Exercise data →
..............................

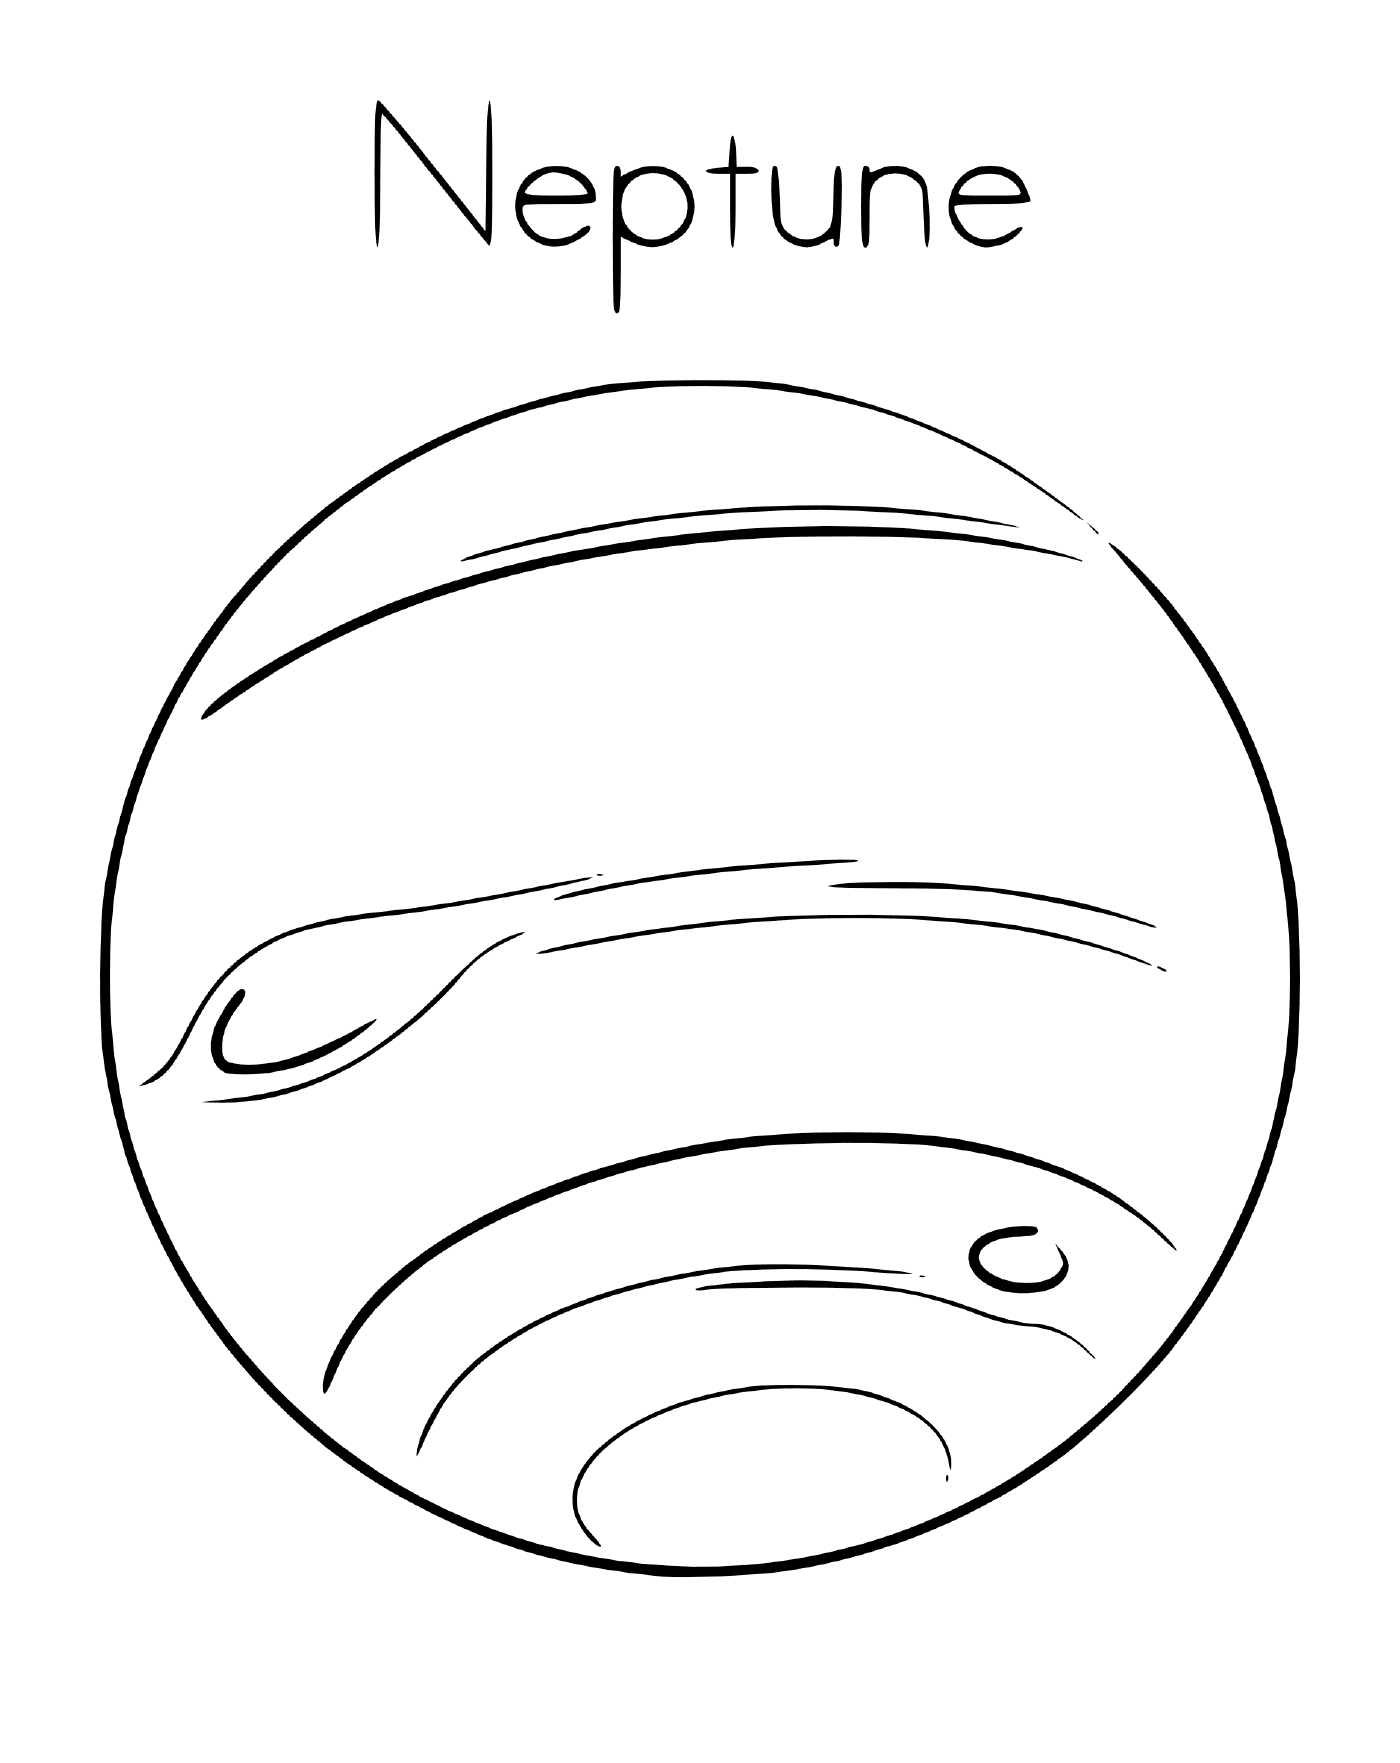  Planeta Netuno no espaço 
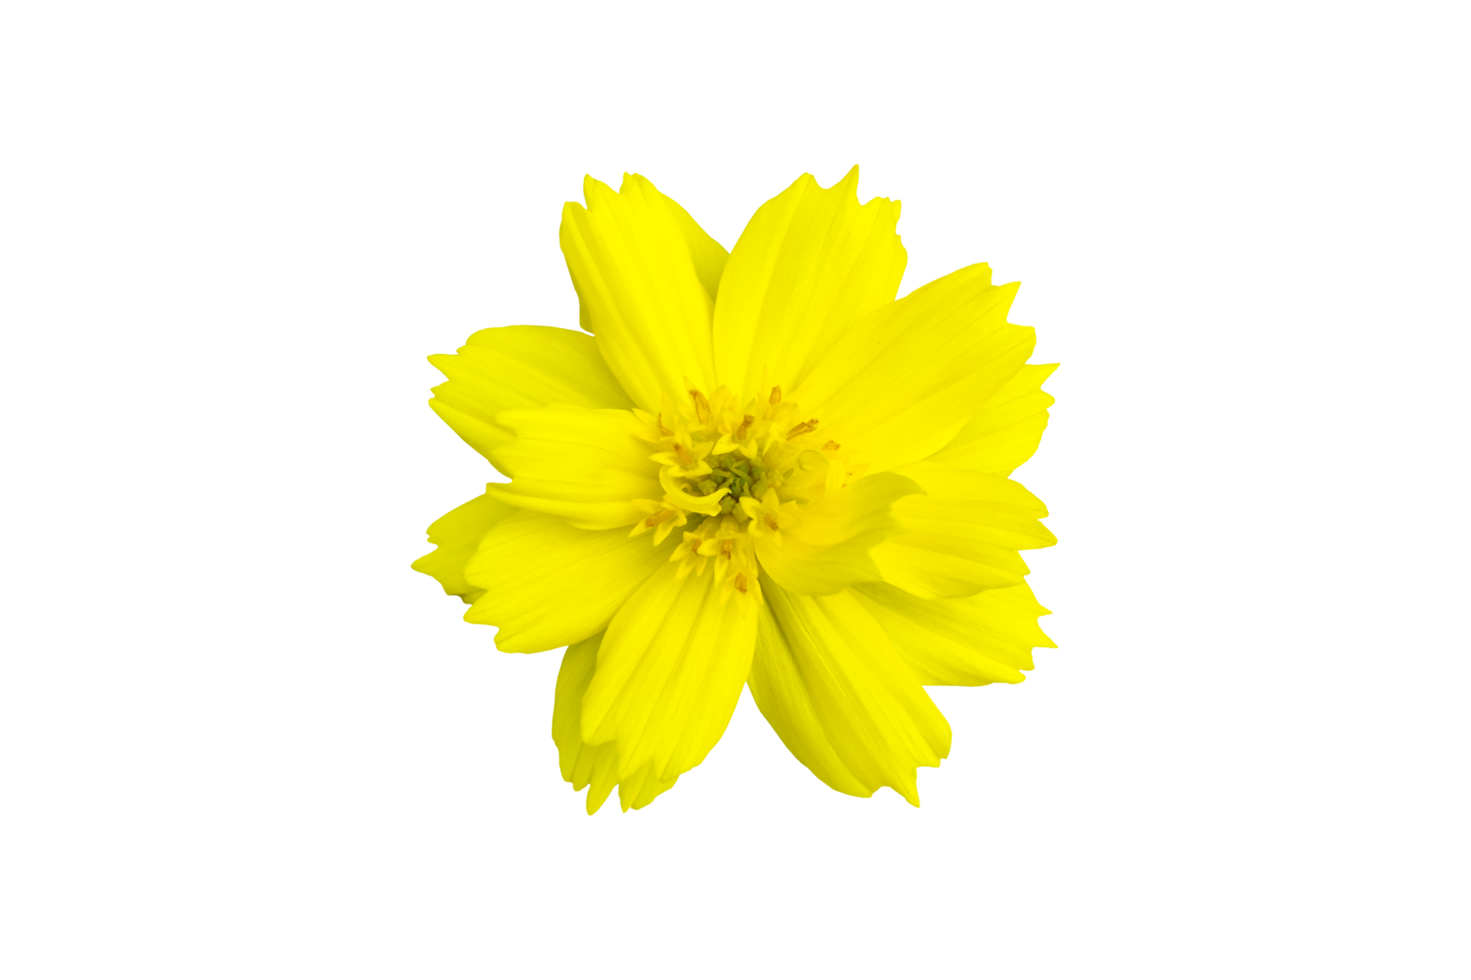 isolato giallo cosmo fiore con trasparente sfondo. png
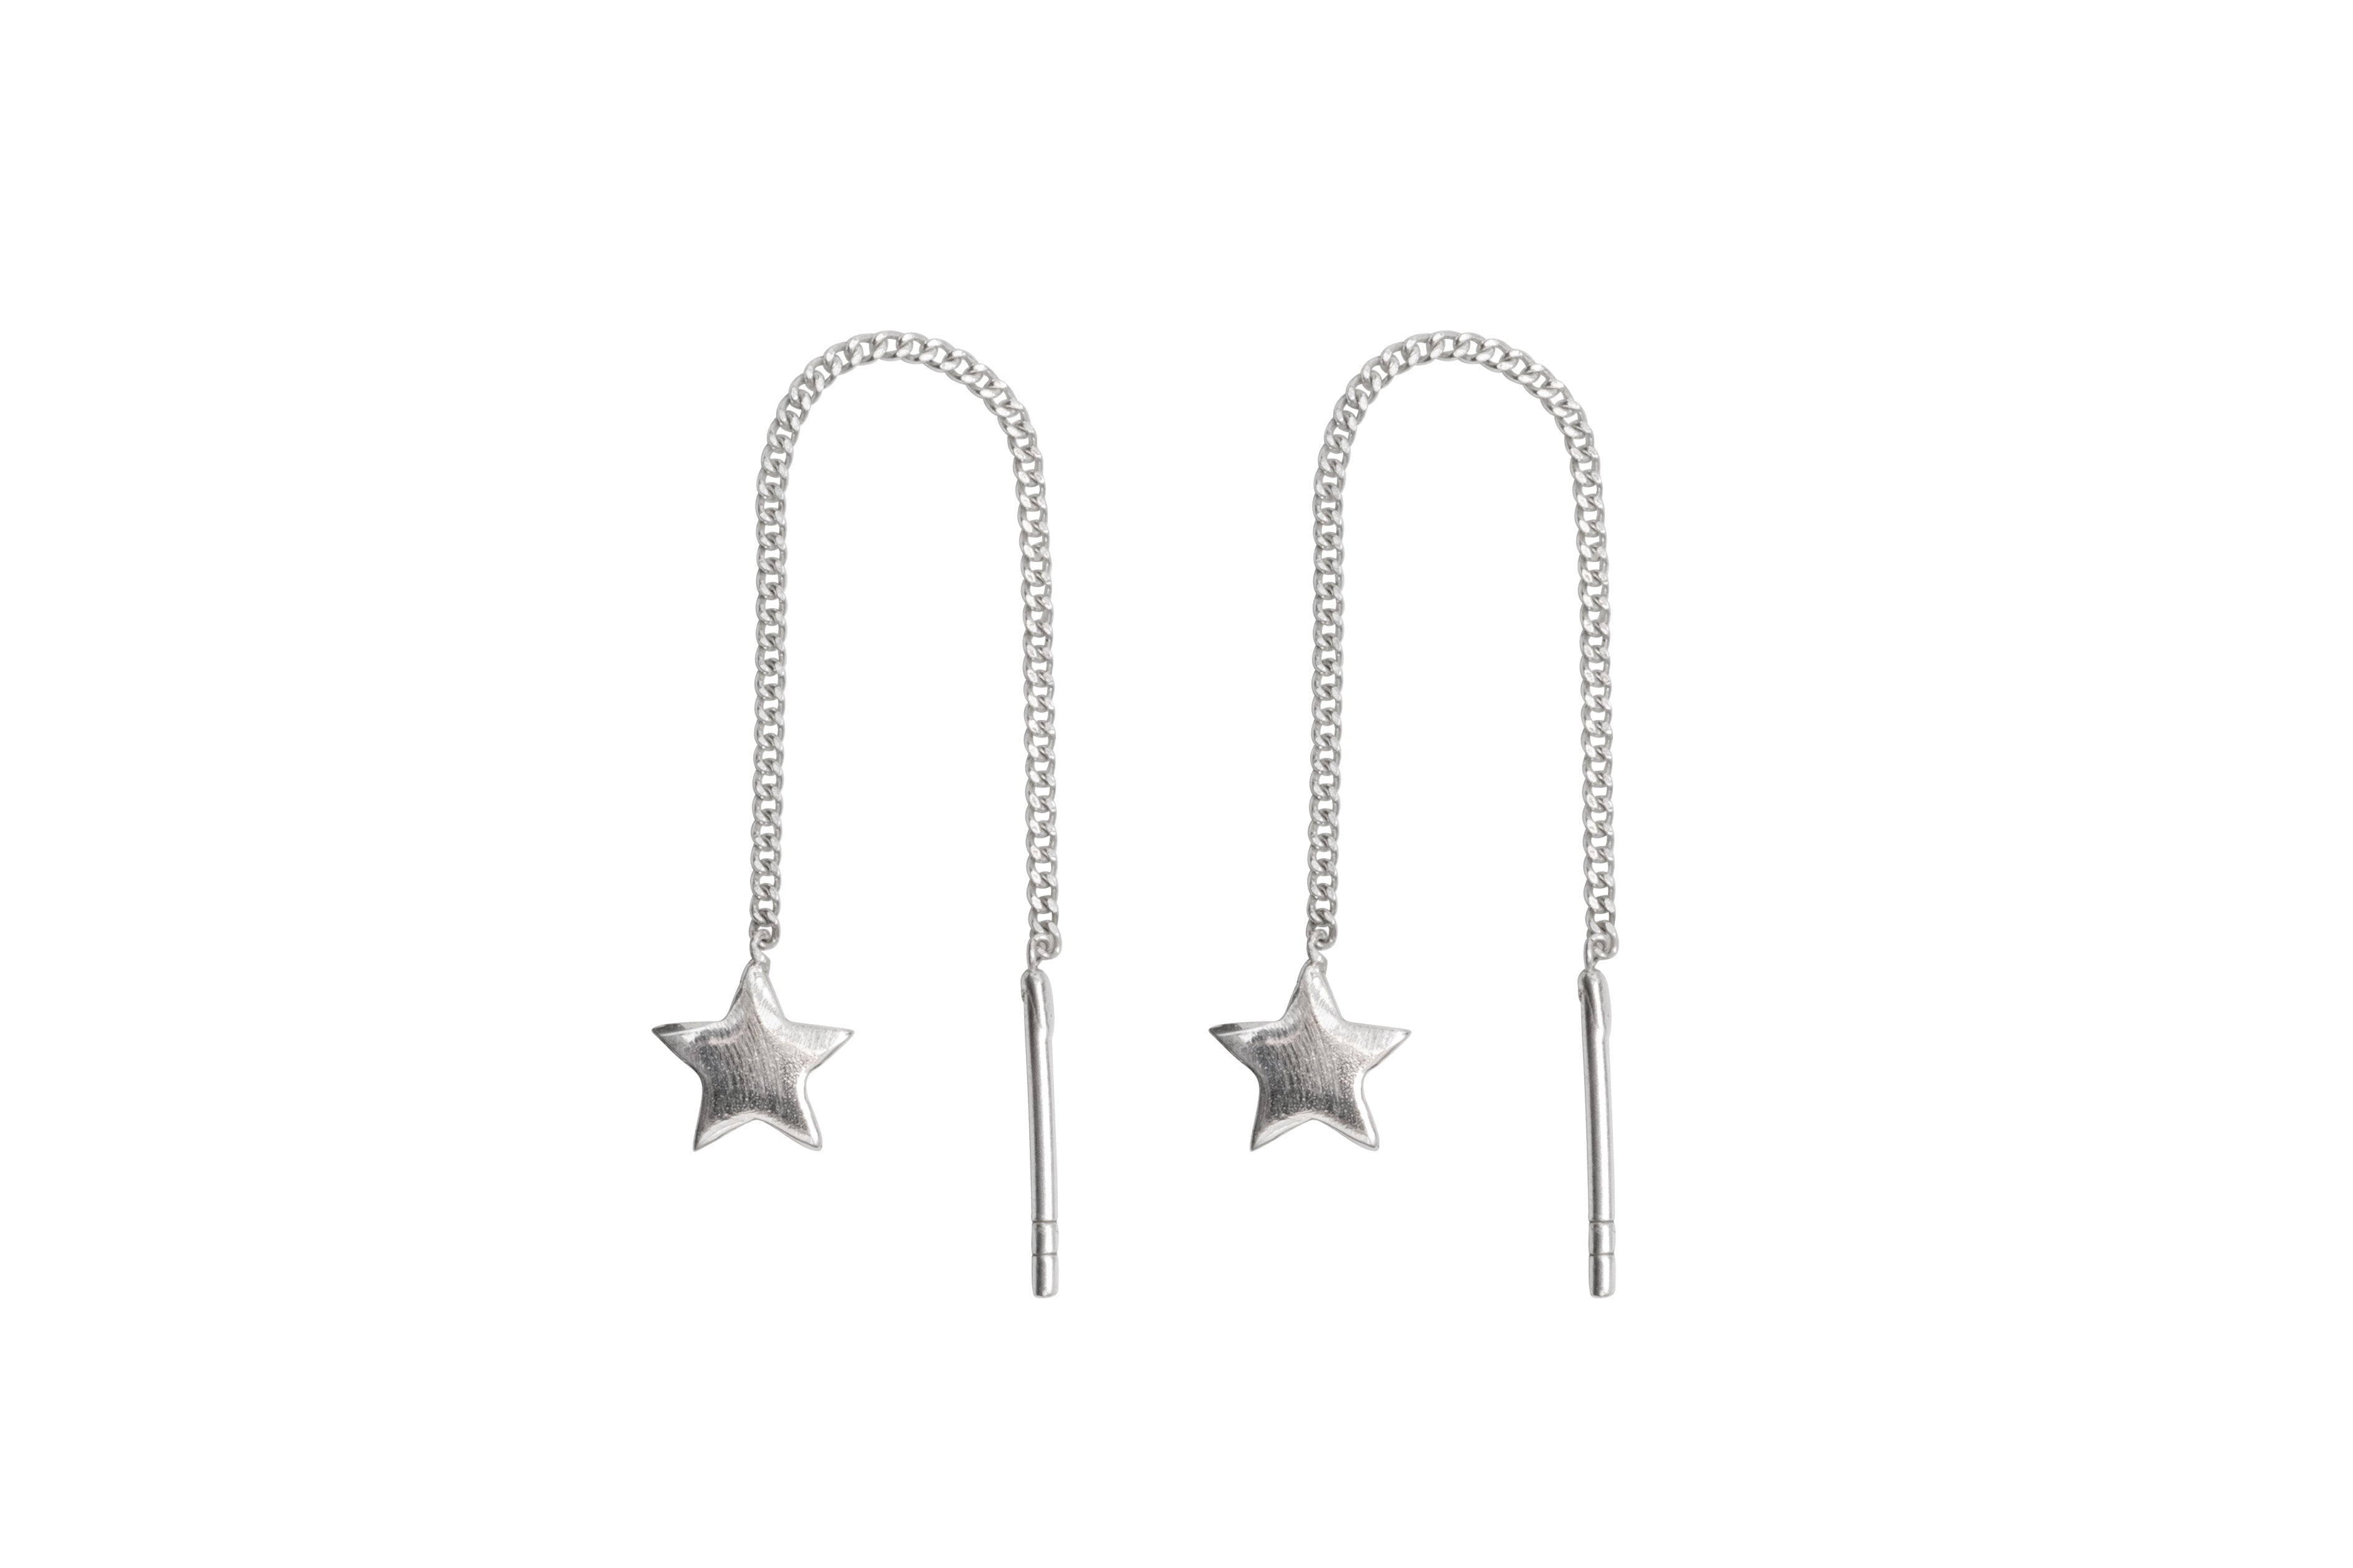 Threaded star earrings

..............................

What you are asked to do → Return the listing above unchanged, apart from dropping its pictures.

Completed task →
  Planeta Netuno no espaço 
 isolato giallo cosmo fiore con trasparente sfondo. png
 Threaded star earrings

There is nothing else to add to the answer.